Almost all of us will falter.

To make a powerful, personal resolution, we can’t be the only ones at center of the payoff.

A powerful resolution serves other people.

A great resolution is like a great product — it makes a promise — and it keeps it. Like a product, it’s not all about the folks who made it. A great resolution builds confidence and influence, because it helps us grow, connects us, and pays off in irresistible and unexpected benefits.

Three Steps to Build Powerful Personal New Year Resolutions

Use these steps to find your own powerful personal New Year’s Resolutions. Pick just one or two, if you want to boost your confidence and influence. Do all three of them if you want to irresistible.

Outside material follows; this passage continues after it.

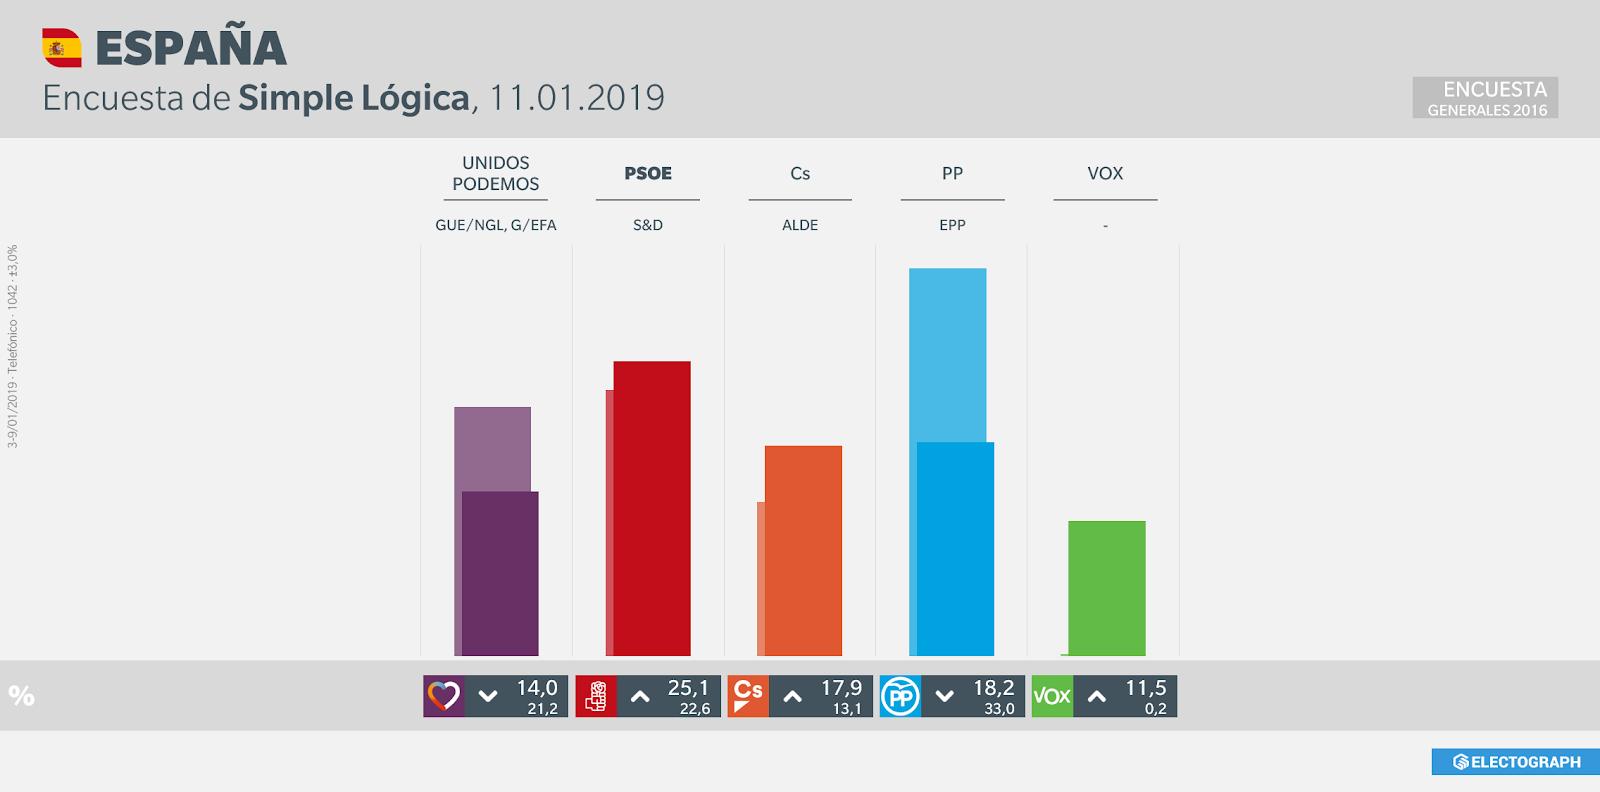 Gráfico de la encuesta para elecciones generales en España realizada por Simple Lógica, 11 de enero de 2019

  1. What do you do or offer that the important people in your life would love to see more of?

    Do more of that.

  2. What do you do or offer that the important people in your life would love to see go away?

    Oh, just stop.

  3. What do you know you might do or offer the important people in your life that surprise, thrill, and delight them?

    Why didn’t you think of doing that sooner?

A resolution is a goal wrapped up as a promise. When we keep our promises, we see ourselves as authentic, confident, competent, and trustworthy. To other people see it too and it becomes influence and authority. When our kept promises reach out to and benefit other people, it’s attractive, influential, and can be downright irresistible.

Of course, we’ve got make and keep a powerful promise.

How do your plans to grow this year have other people in them?

–ME “Liz” Strauss
Work with Liz on your business!!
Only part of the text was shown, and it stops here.